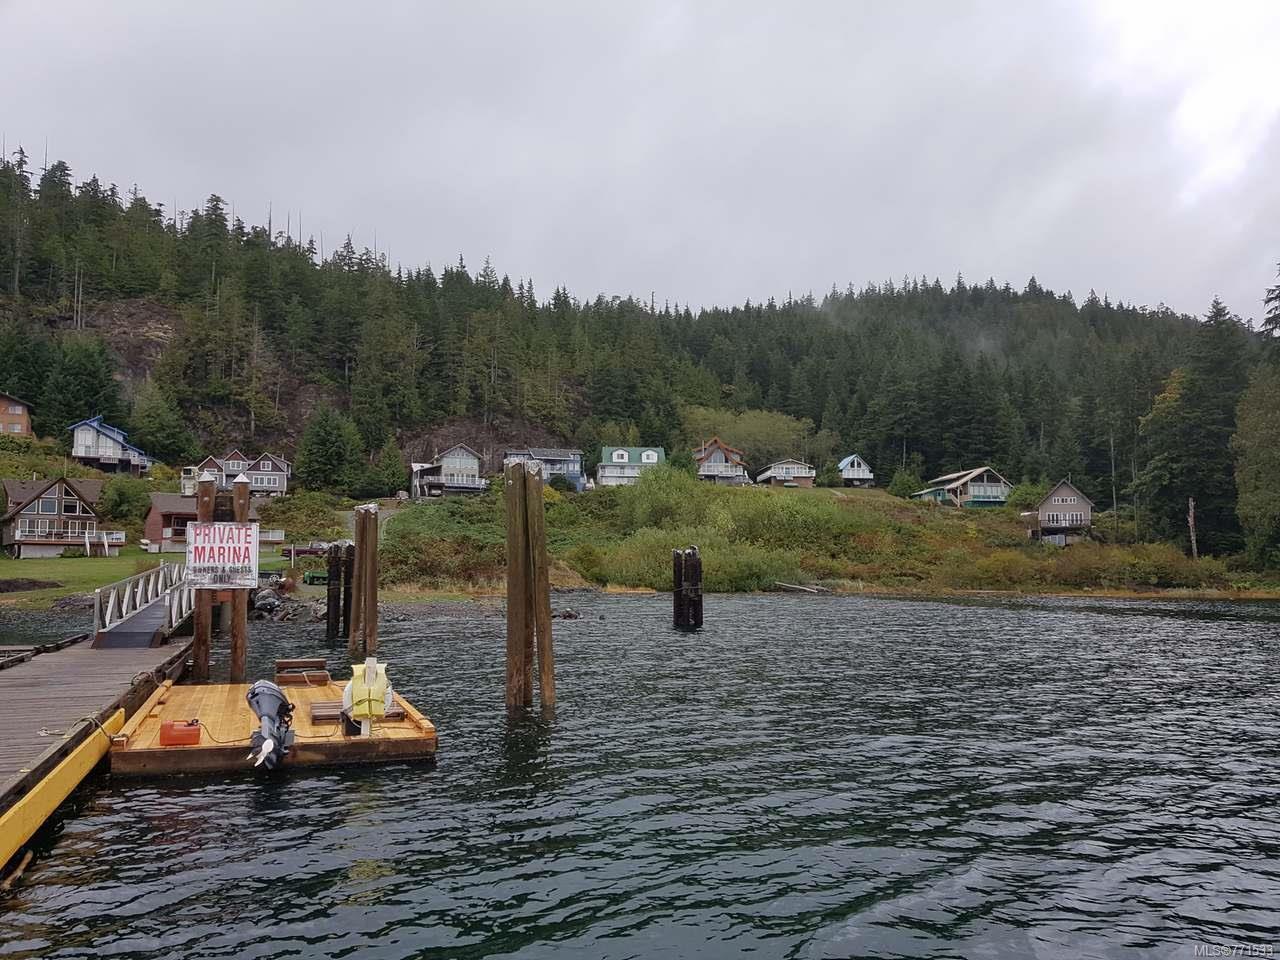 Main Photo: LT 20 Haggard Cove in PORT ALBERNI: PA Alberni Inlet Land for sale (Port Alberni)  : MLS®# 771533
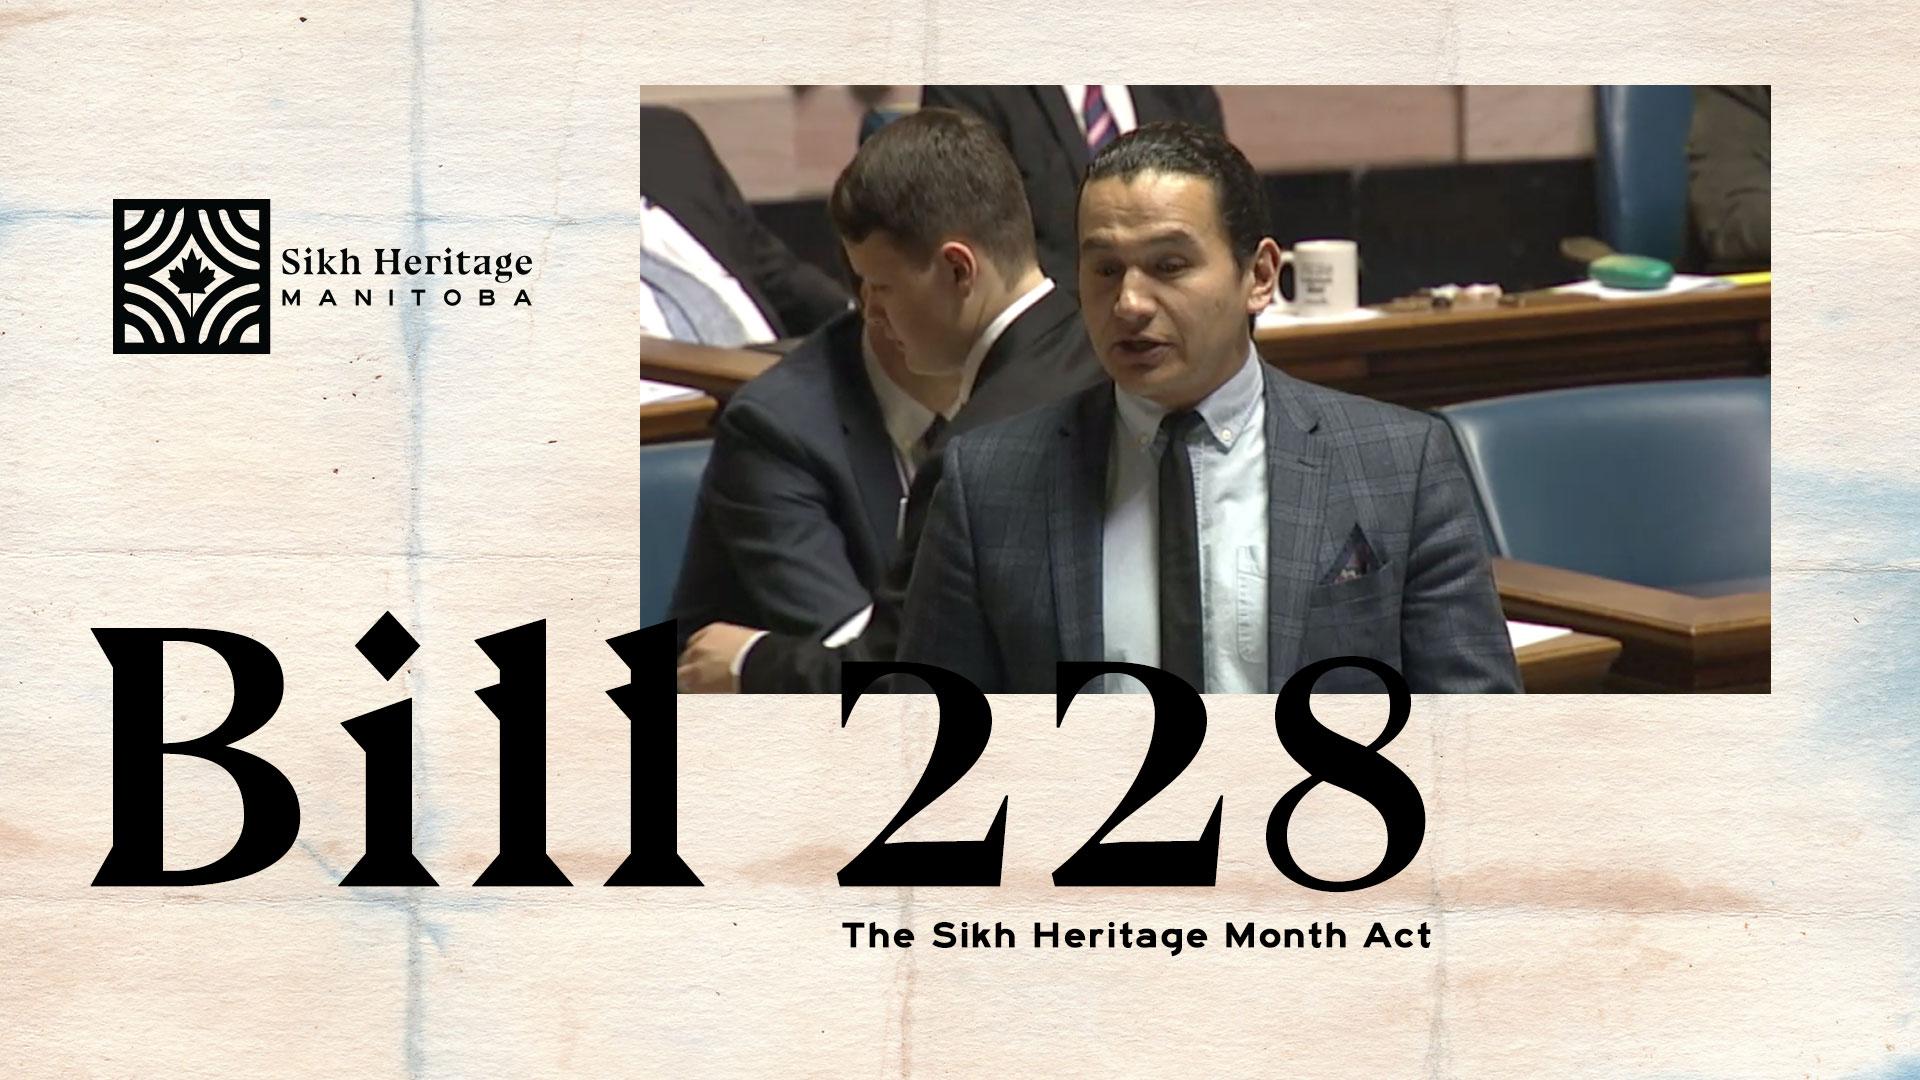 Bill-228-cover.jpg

##########

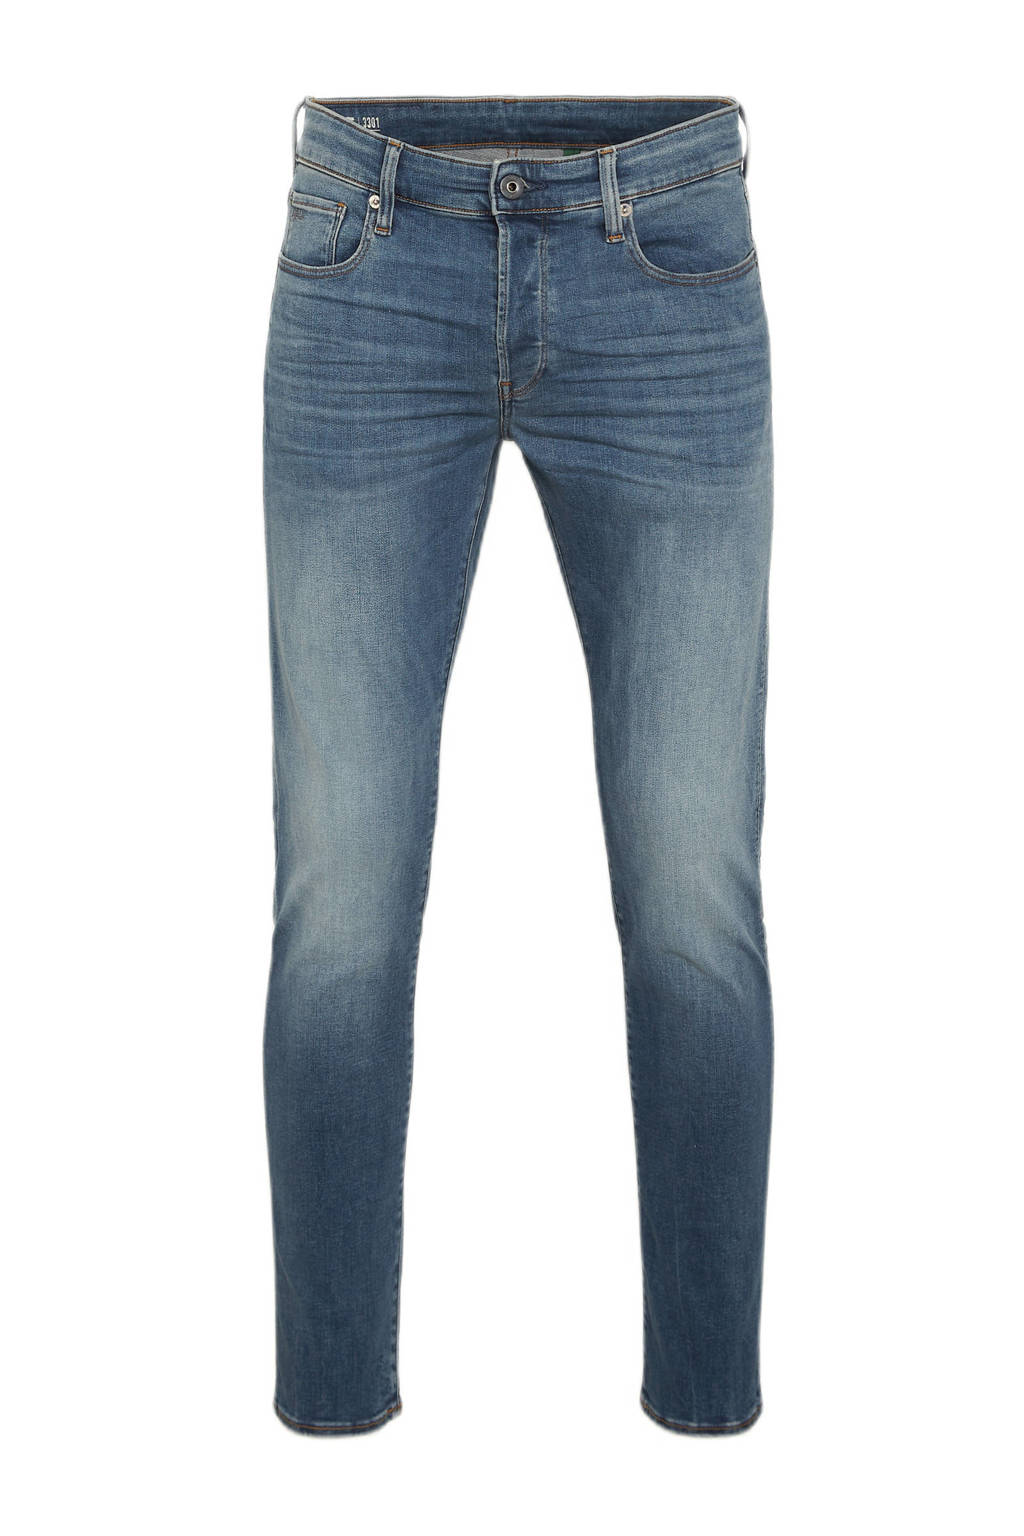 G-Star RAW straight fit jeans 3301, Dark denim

##########

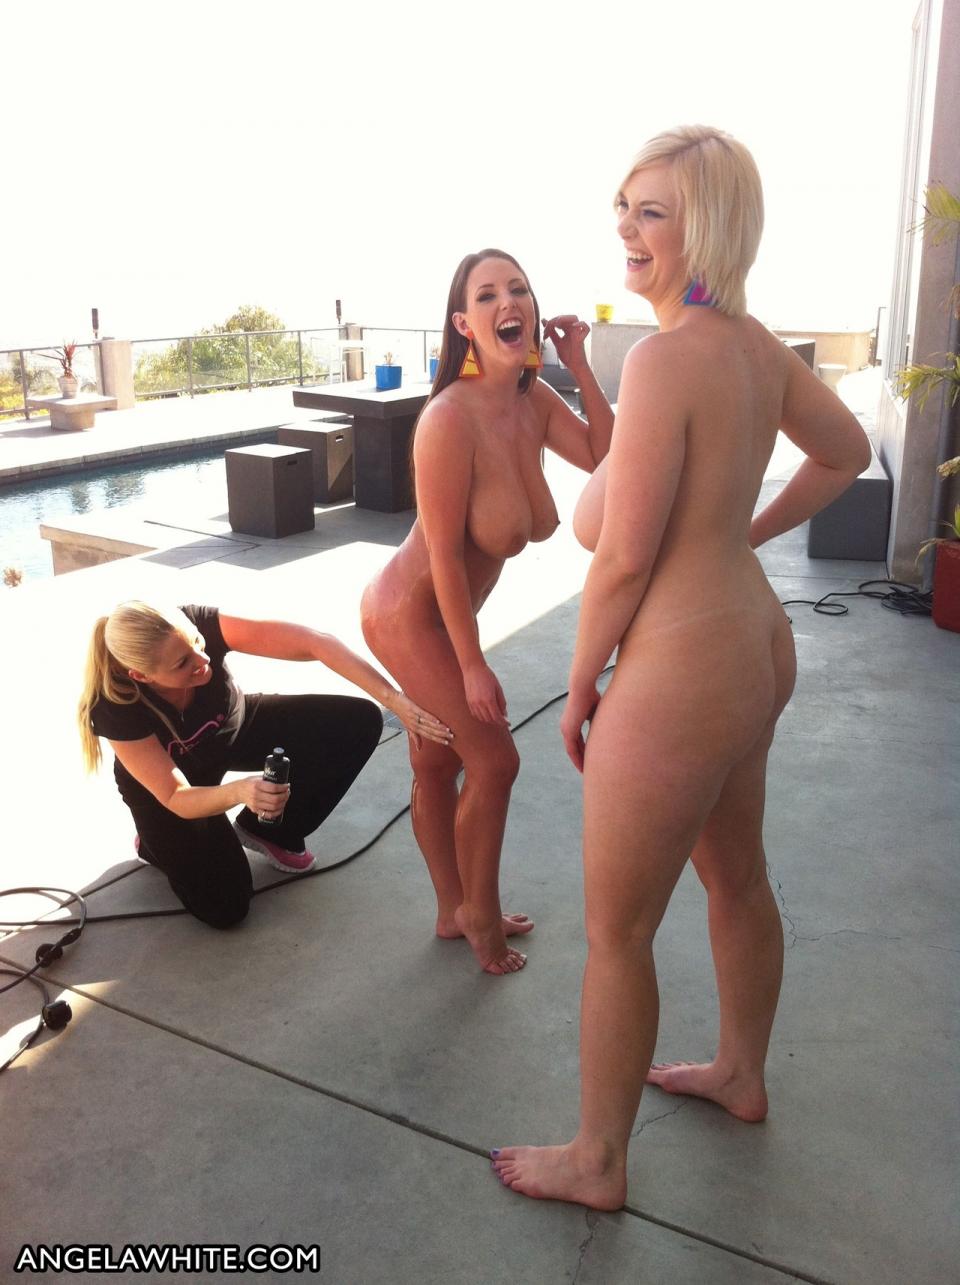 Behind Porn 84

##########

• **PROBLEM STATEMENT**
Skip every picture, and restate word for word only the lines above from the line containing "Main Photo: LT" to the line containing "Bill-228-cover.jpg", both of them included.

• **RESULT**
 Main Photo: LT 20 Haggard Cove in PORT ALBERNI: PA Alberni Inlet Land for sale (Port Alberni)  : MLS®# 771533
 Bill-228-cover.jpg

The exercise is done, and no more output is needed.